Uyghur women are capable and ready, but we require the help of allies. We urgently need a broader array of platforms, and significantly larger ones, to more effectively raise our voices against the egregious atrocities that are underway in East Turkistan. We need more representation in the media: the world must see our faces and hear our voices. Only when the general population more regularly sees us and hears our plight will they feel responsible for helping address our pressing concerns. Public opinion plays an integral part in shaping public policy, and it will change only when people talk at the dinner table about what is happening to the Uyghurs.

The repression of Uyghur women must become a top women’s rights issue, with women’s organizations across the globe placing the treatment of Uyghur women at the top of their agendas and addressing this treatment in every conversation about women at every level of government.
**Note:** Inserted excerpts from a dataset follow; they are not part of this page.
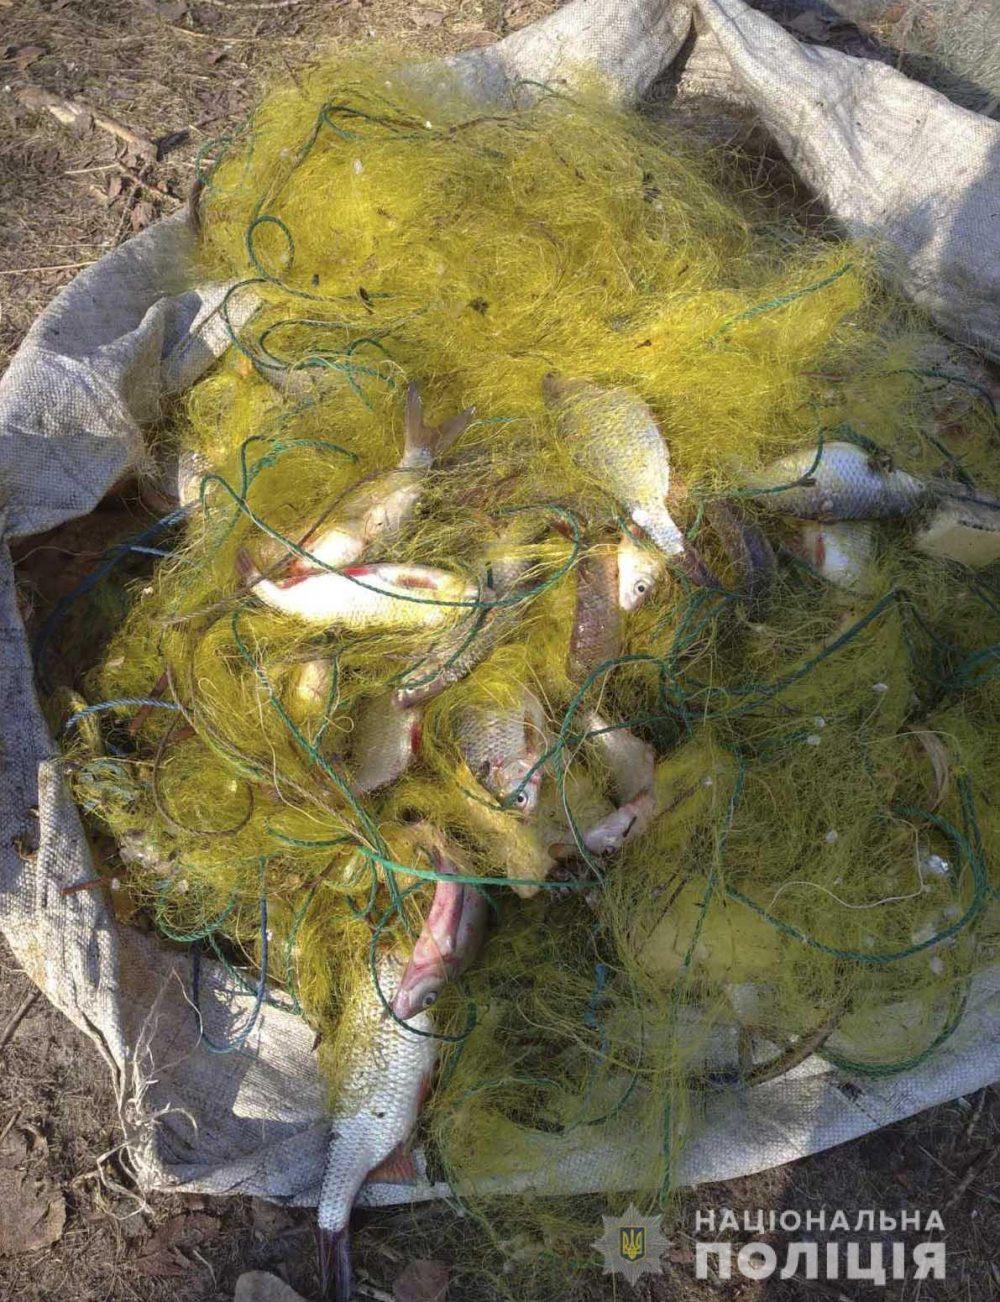 Без Купюр На Кіровоградщині спіймали браконьєра з виловом на 17 тисяч гривень Кримінал  риба новини Кіровоградщина браконьєр 2021 Квітень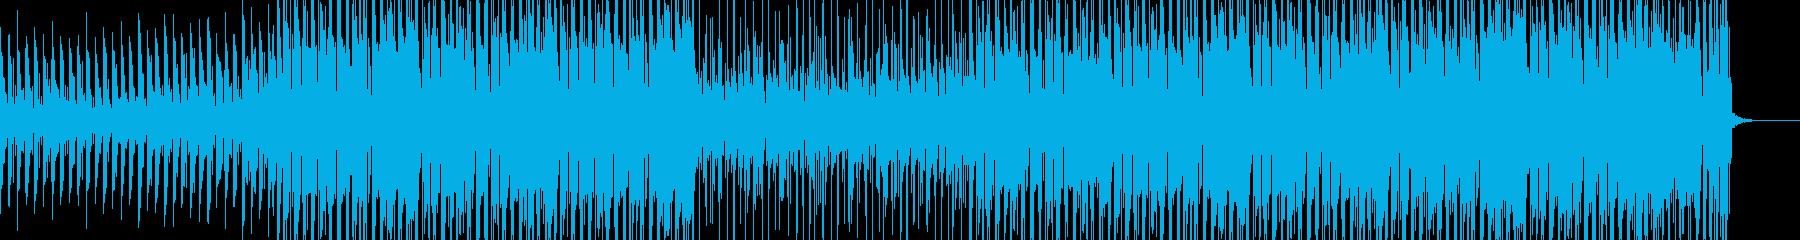 夏の海が似合うラテン調トロピカルハウスの再生済みの波形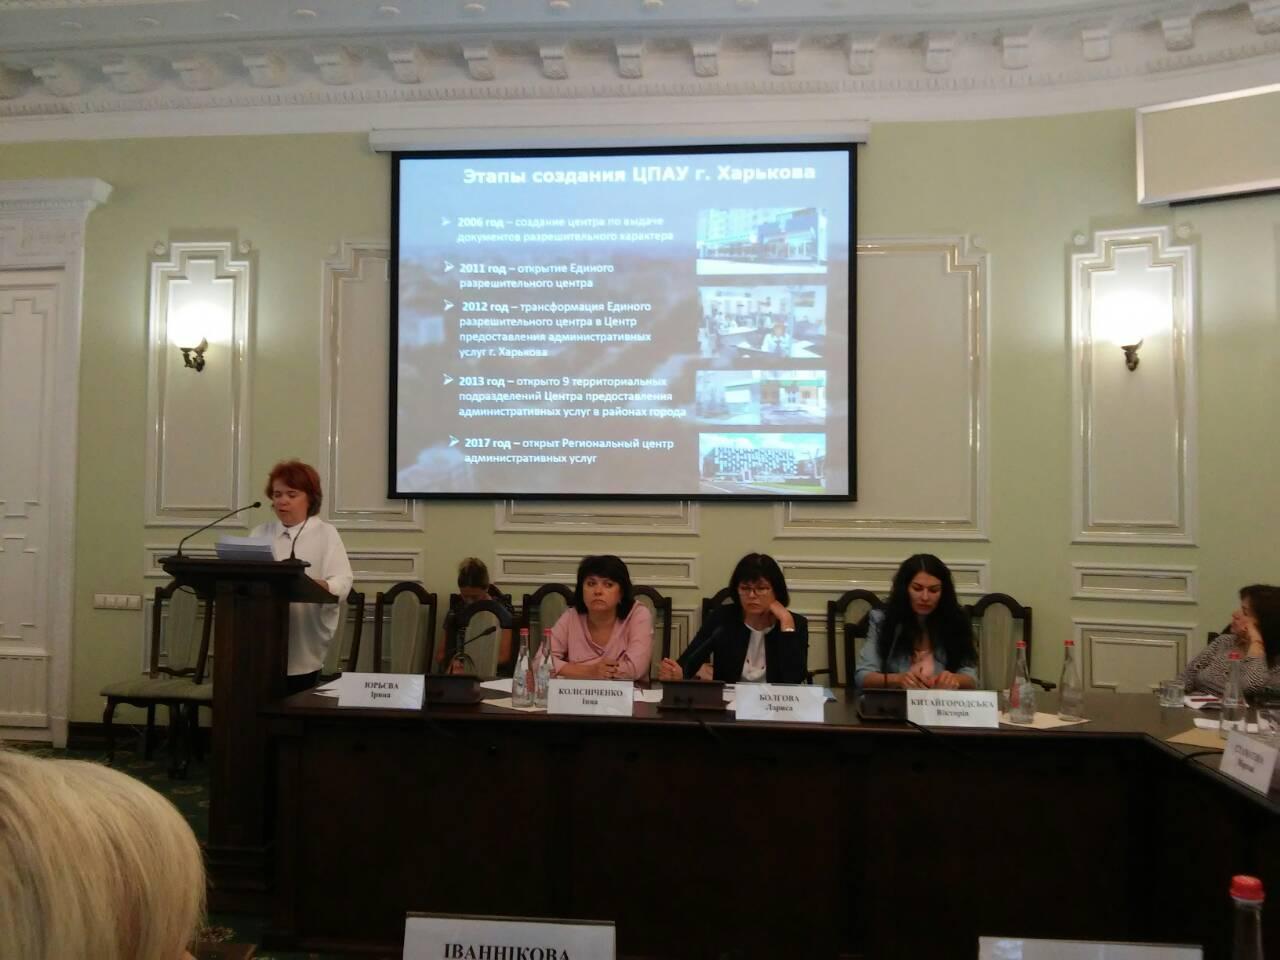 Представники різних міст України переймають досвід Харкова в сфері надання соціальних та адміністративних послуг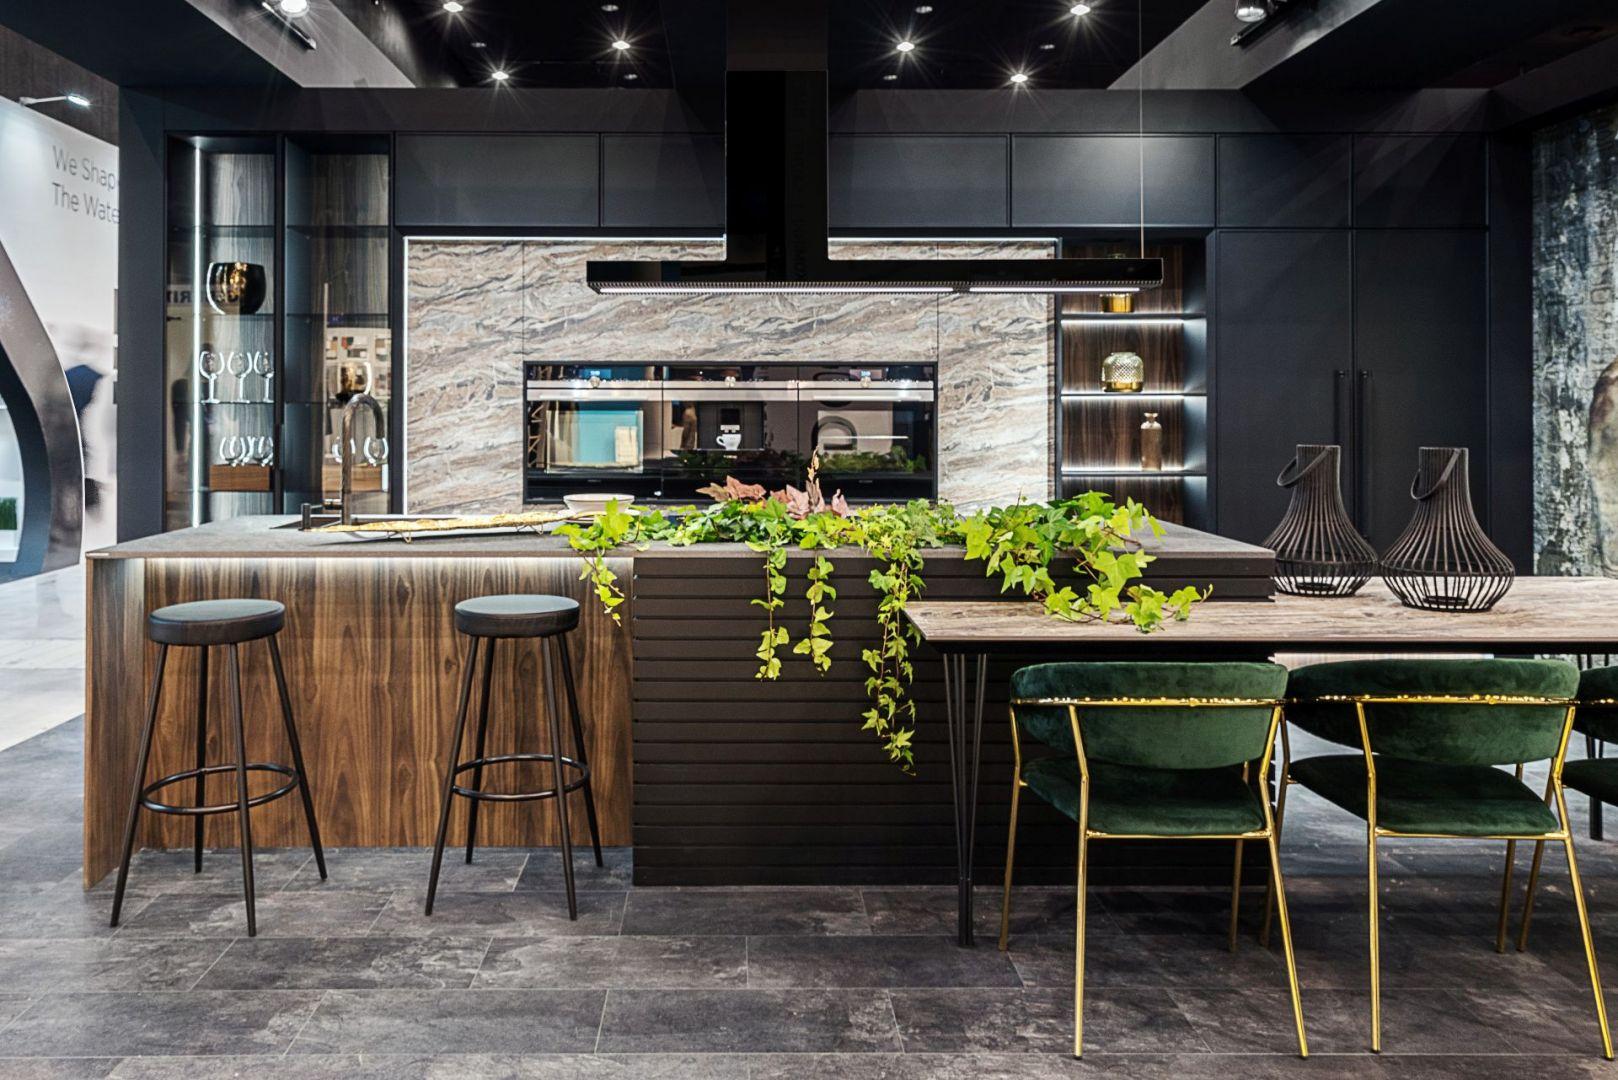 Studio Mebli Kuchennych Max Kuchnie Vigo Olkusz. Realizacja kuchni zgłoszona do konkursu Kuchnia-Studio Roku 2020 na najlepsze realizacje wykonane przez studia kuchenne.

The conversation about women’s rights and freedom of choice is deeply deficient without highlighting Uyghur women and their right to have children and raise them in dignified conditions and must include a Uyghur woman’s right to practice her religion, choose her spouse, and bear and raise her children according to her beliefs. Women should have the freedom to choose their future.

If the genocidal policies against my people are not addressed fully, our world will see lineage after lineage die. These atrocities will not end with my people. One genocide always paves the way for the next. I hear often that China holds too much control and power and that the livelihoods of too many are intertwined with China’s economic activities and political power. We cannot selectively defend human rights based on convenience. In that case, we betray our values and take an active role in paving the path for more widespread oppression and injustice.

If we do not raise our voices and speak out, then the only voice left tomorrow will be one of regret.

 

Rushan Abbas is a Uyghur American activist and co-founder and Executive Director of the Campaign for Uyghurs (CFU). CFU advocates for Uyghur human rights and democratic freedoms, rallying the international community against the atrocities taking place in East Turkistan.